::: Provided information

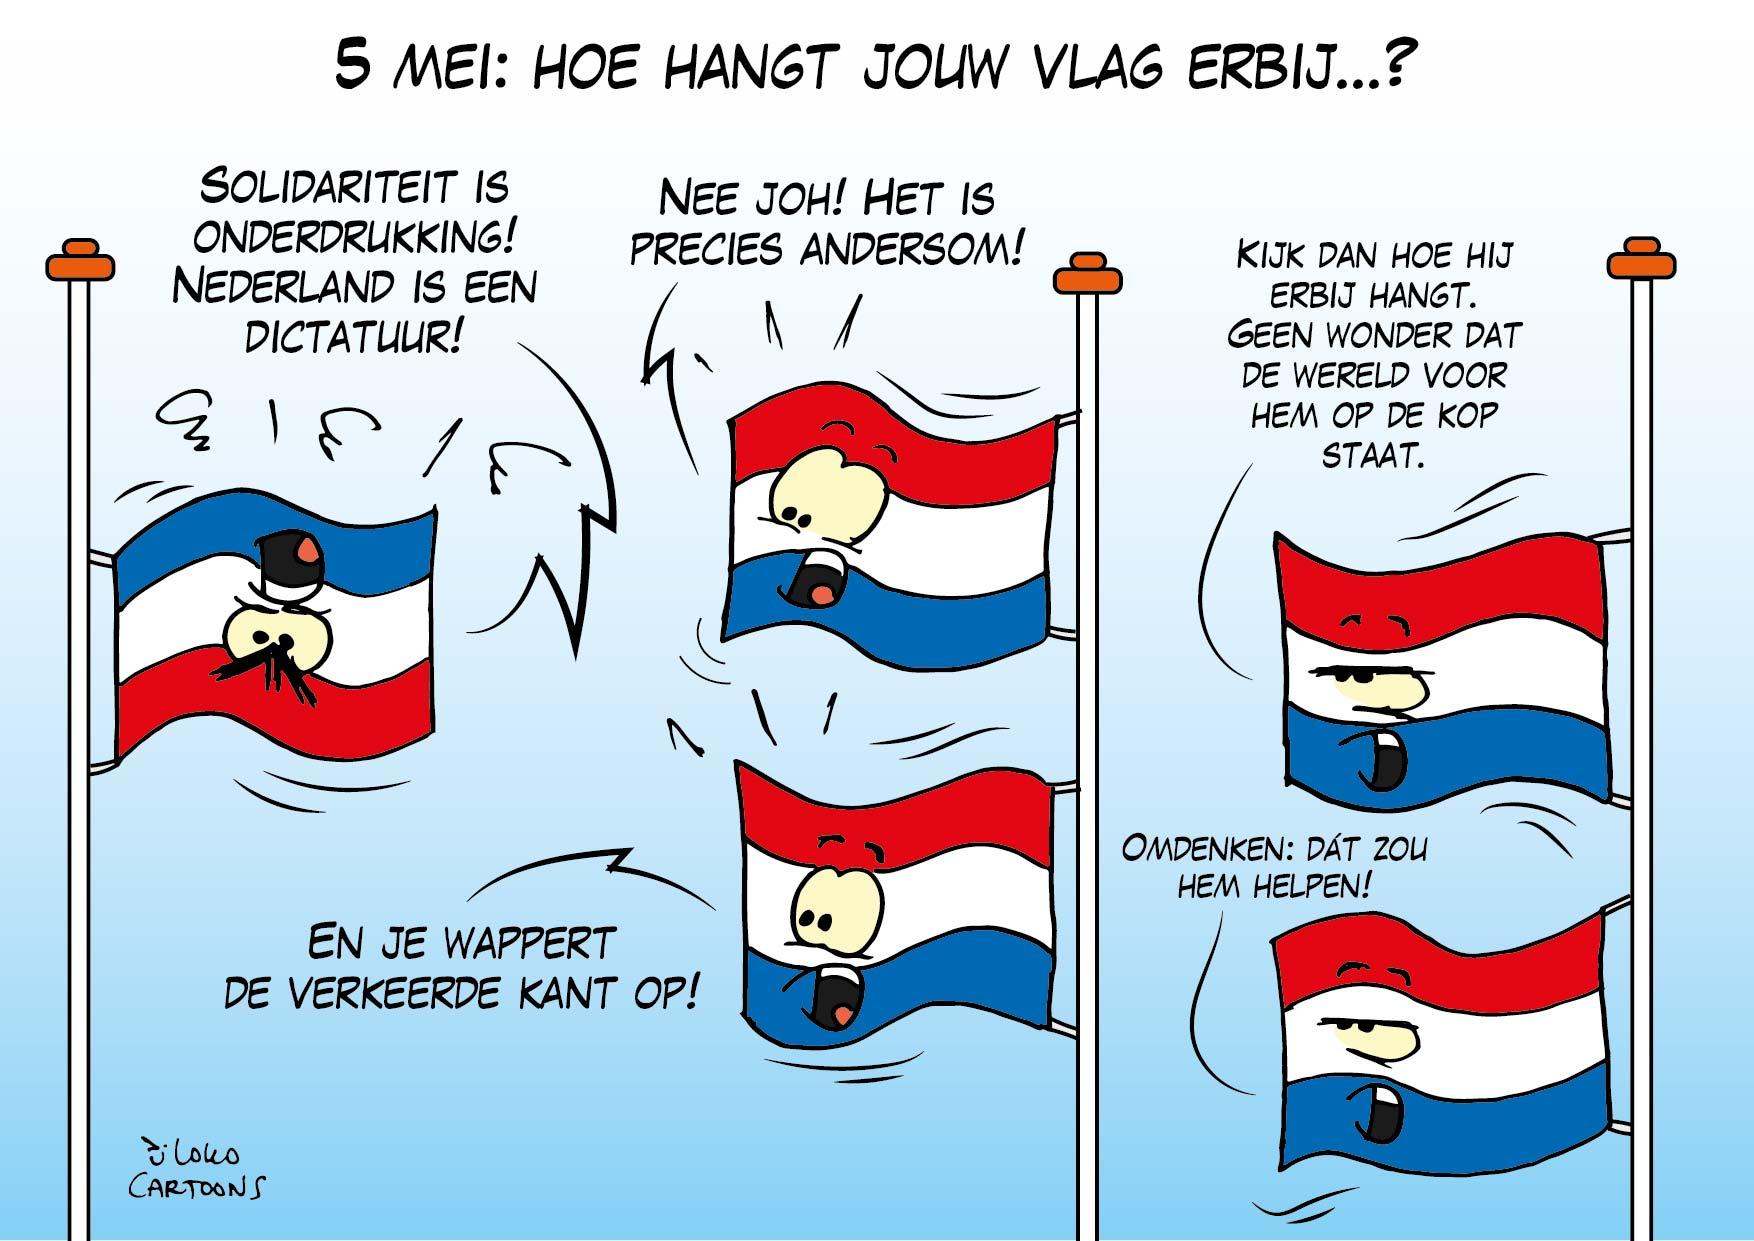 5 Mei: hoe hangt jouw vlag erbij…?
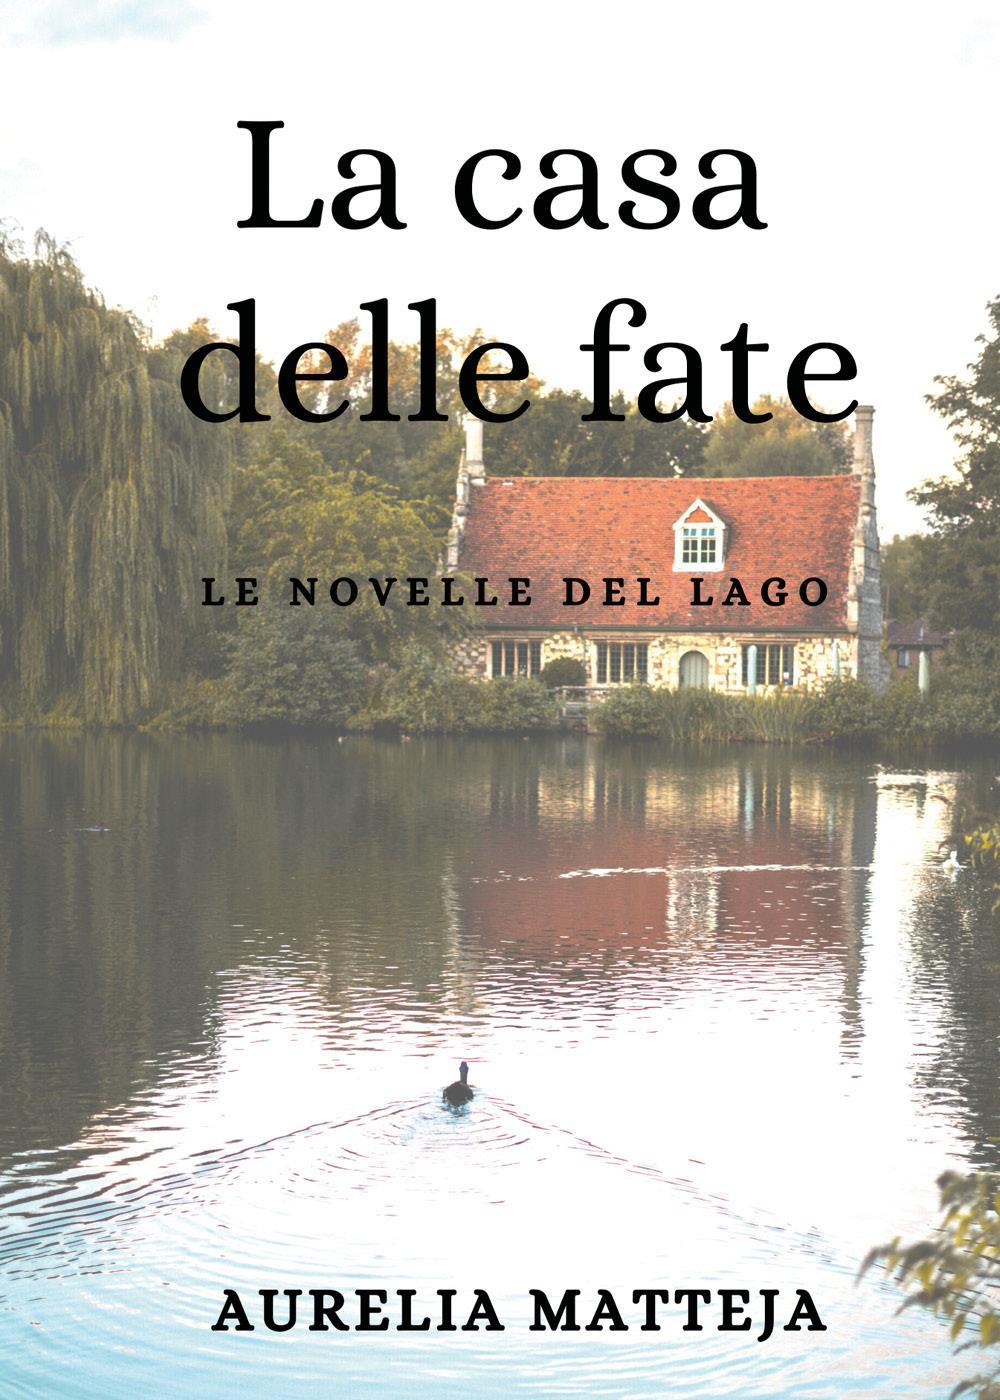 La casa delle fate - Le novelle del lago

::::::
::: Provided information

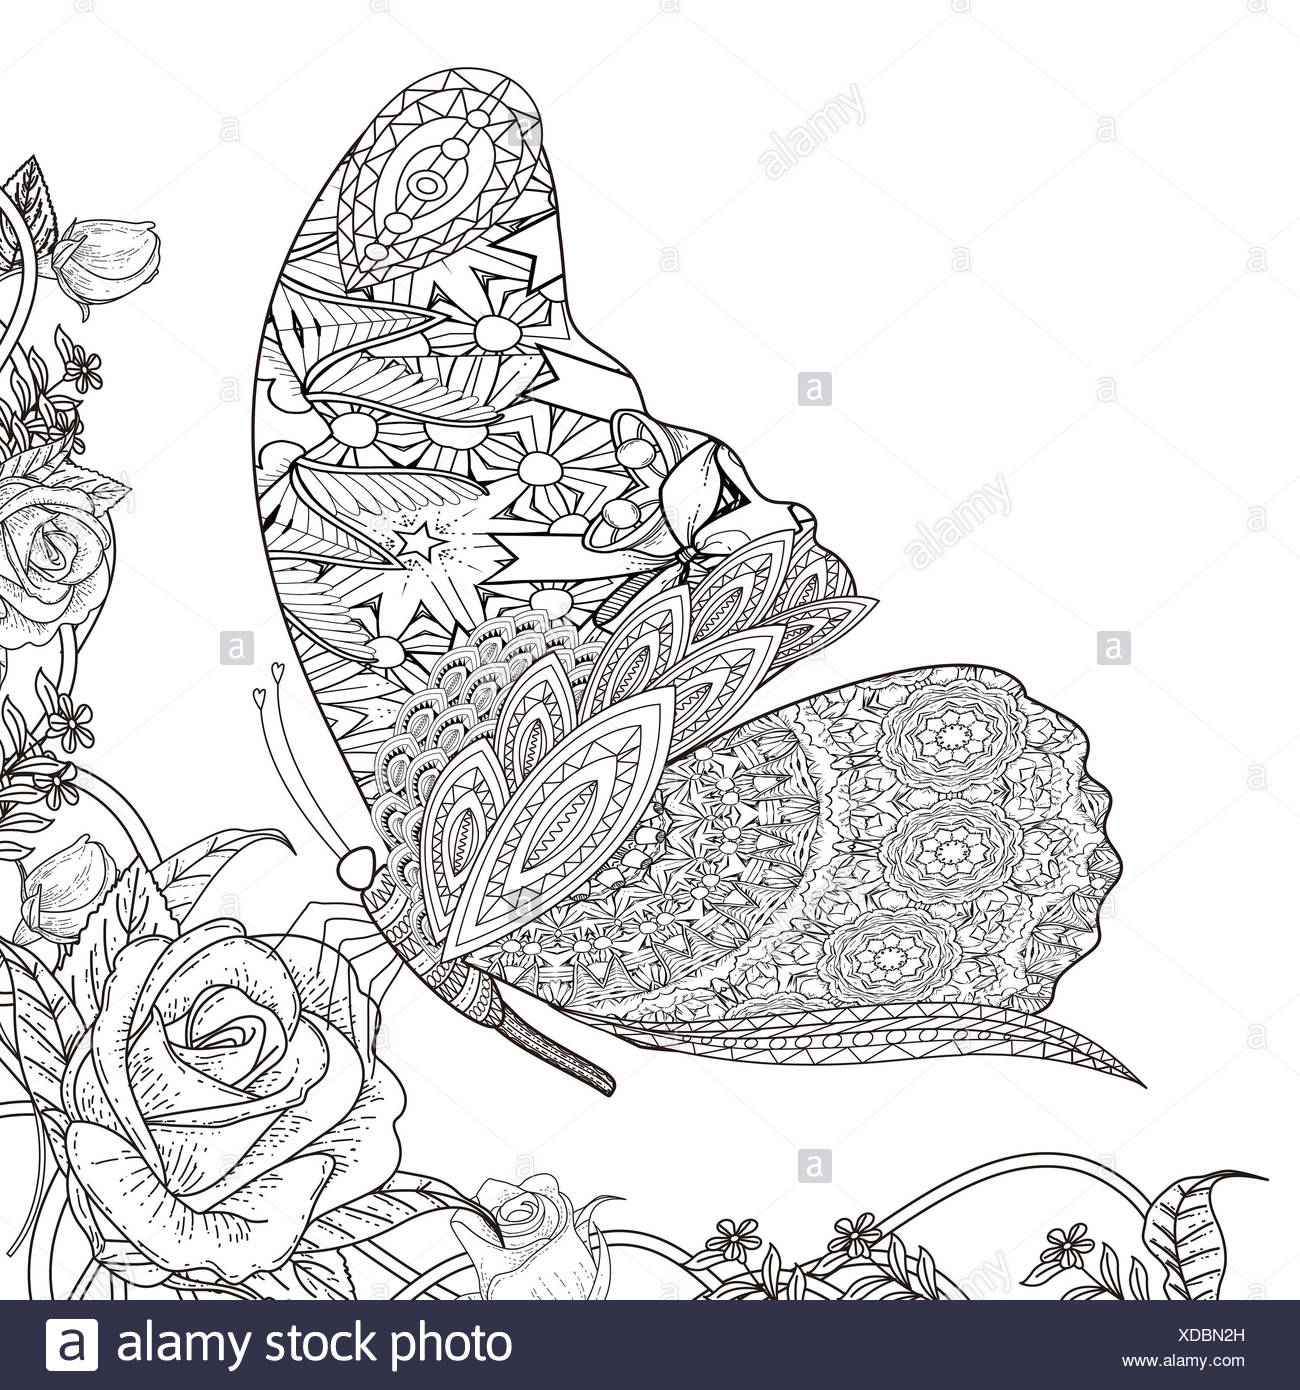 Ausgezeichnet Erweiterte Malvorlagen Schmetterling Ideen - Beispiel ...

::::::
::: Provided information

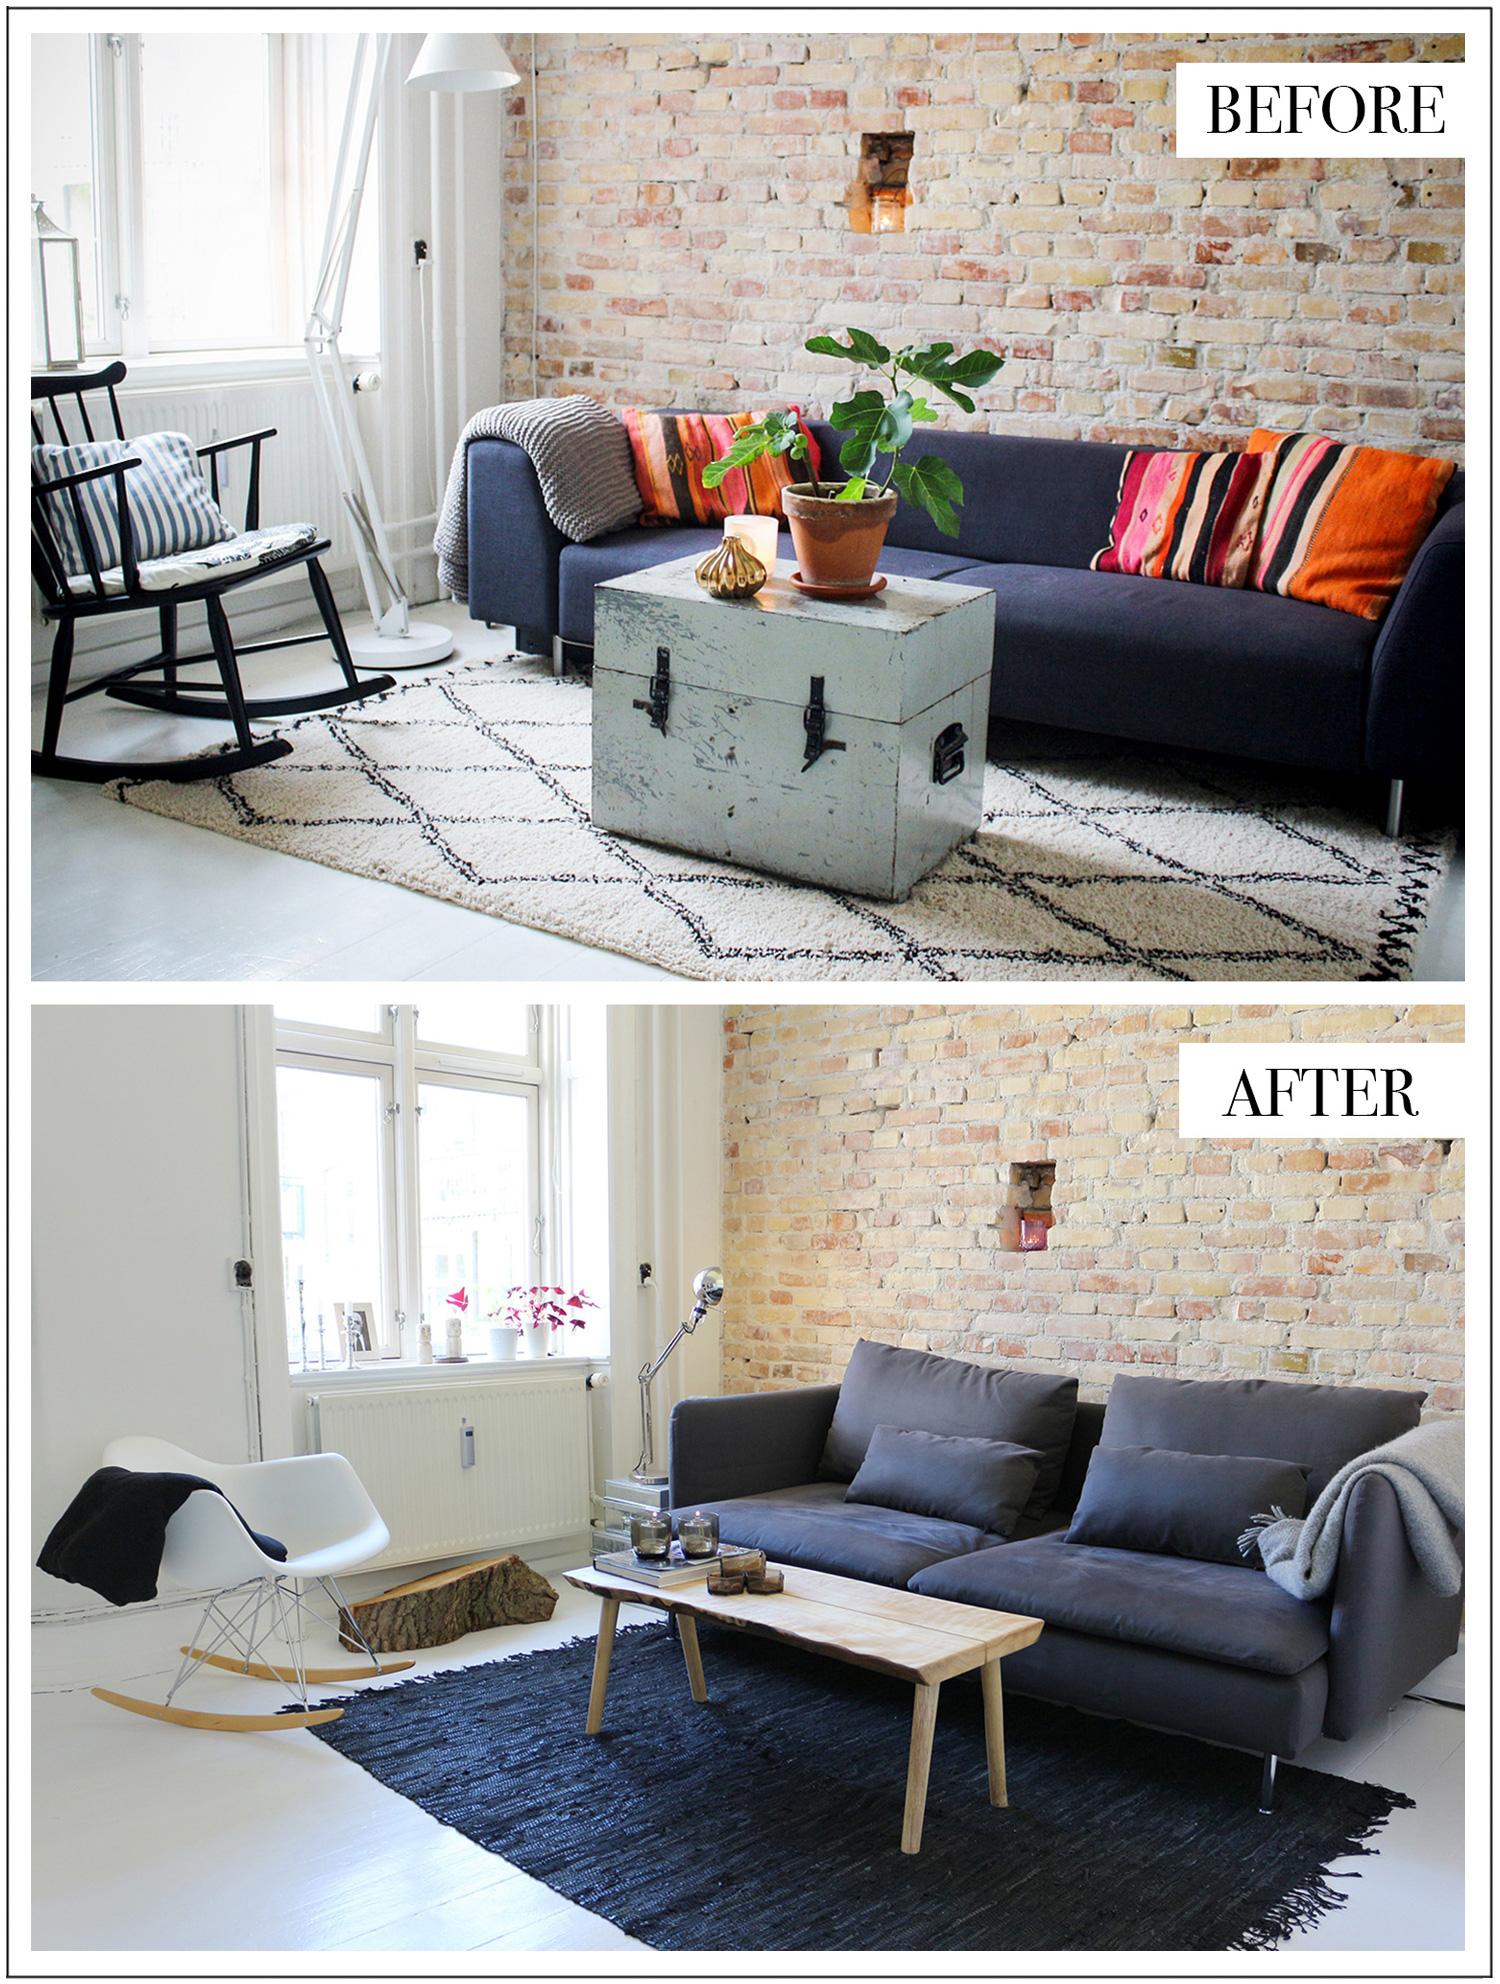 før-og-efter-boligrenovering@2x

::::::

> **What you need to do**: Take only the lines above from the one that has "5 Mei: hoe hangt jouw vlag erbij…?" through the one that has "La casa delle fate - Le novelle del lago" and reproduce them exactly, omitting any pictures.

> **Result**:
 5 Mei: hoe hangt jouw vlag erbij…?
 La casa delle fate - Le novelle del lago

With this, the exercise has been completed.